That pacifist streak, along with a desire to avoid criticism, is reflected in the limits that the 1992 law placed on Japanese peacekeeping missions. These state that the SDF can be sent only when a ceasefire is in place and when all parties to a conflict agree that Japan can take part. The law also strictly limited the use of weapons to “the minimum necessary to protect the life or person of the personnel”.

These rules seemed a reasonable extension of Japan's previous post-war foreign policy, which had used generous aid and tireless self-promotion of Japan's “peace-loving” credentials to win friends and influence governments. Yukio Okamoto, a former adviser to Mr Koizumi on foreign affairs, says that the restrictions led his countrymen to view the Japanese troops as “NGOs in blue helmets”: harmless aid workers with a UN stamp of approval.

Despite these pacifist leanings, however, there are huge differences between Japan on the one hand and Germany on the other. One is obvious: Japan faces clear threats. For Germany, the end of the cold war removed the Soviet threat, and it now faces little risk of a military attack. In Japan, however, the cold war gave way to a new danger: North Korea.

The discovery in the early 1990s that North Korea was developing plutonium, which could be used to make nuclear warheads, got the public's attention. Those fears grew after North Korea's shocking decision to test a medium-range Taepodong missile in 1998, lobbing it over Japanese airspace into the Pacific Ocean. Even before Mr Koizumi entered office, therefore, Japan had taken steps to deal with the North Korean threat. Further signs of bad behaviour during his term have strengthened the public resolve—not least North Korea's admission (since denied), in 2002, that it had violated a 1994 agreement by trying to enrich uranium.

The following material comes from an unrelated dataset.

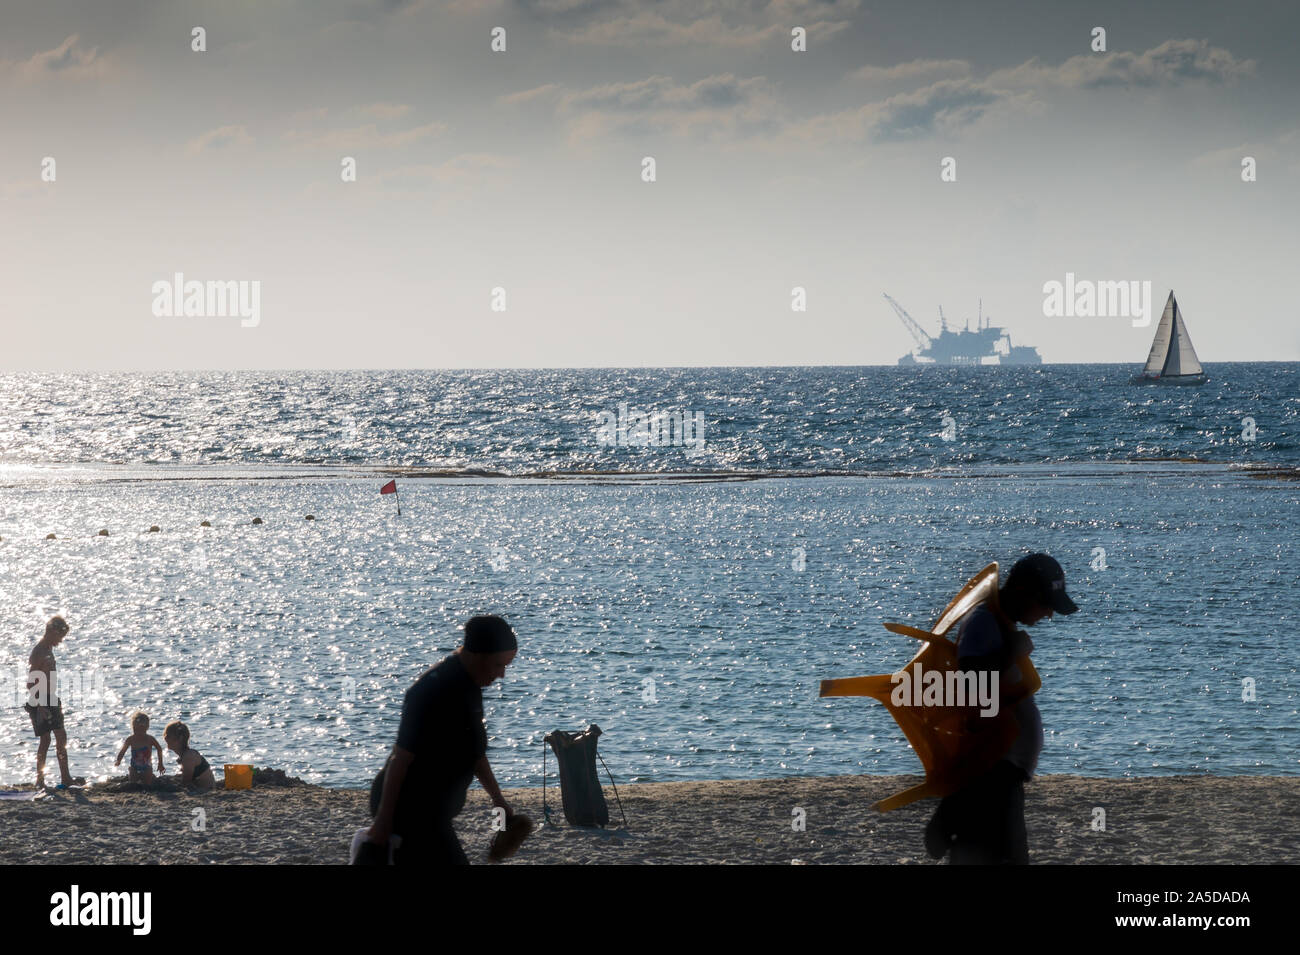 DOR STRAND, Israel/18 OKT 2019: Badegäste am Strand als Segelboot an der Vorderseite der ökologisch umstrittene offshore Bohrinsel Stockfoto

Japan has responded stiffly. Last year it launched the first spy satellites in its history to get an independent look at North Korea. It has joined the Proliferation Security Initiative, a multilateral effort to interdict North Korean ships carrying weapons and contraband, and thus to eat into the regime's hard-currency earnings. In February, parliament passed a law allowing the government to impose economic sanctions on North Korea—including banning cash remittances—unilaterally, and without any UN resolution. Another law allowed the government to deny port calls by the North Korean ferry that retrieves hard currency from criminal groups in Japan. And Japan is now in talks to quicken the rollout of a proposed missile-defence system, on which it is co-operating with America.

The public clearly favours Mr Koizumi's tough stance towards North Korea. When he needed a new secretary-general to run last year's general-election campaign, he chose Shinzo Abe, a youthful politician who had made a name for himself with his hawkish views on Kim Jong Il's regime. The North Korean threat, by highlighting the importance of the alliance with America, partly explains why much of Japan's public supports the sending of the SDF to Iraq, even though that mission stretches the pacifist limits.

That, however, is only part of the story. Besides having North Korea next door, Japan also differs from Germany, and, indeed, other European countries, in other important respects. For both Germany and France, one of the easiest ways to strut a little taller in the world is occasionally to get up America's nose. France can do this easily, given its permanent seat on the UN Security Council. Working in tandem, moreover, France and Germany together can exert a strong influence on the European Union, sometimes trying to steer it in ways that frustrate American goals.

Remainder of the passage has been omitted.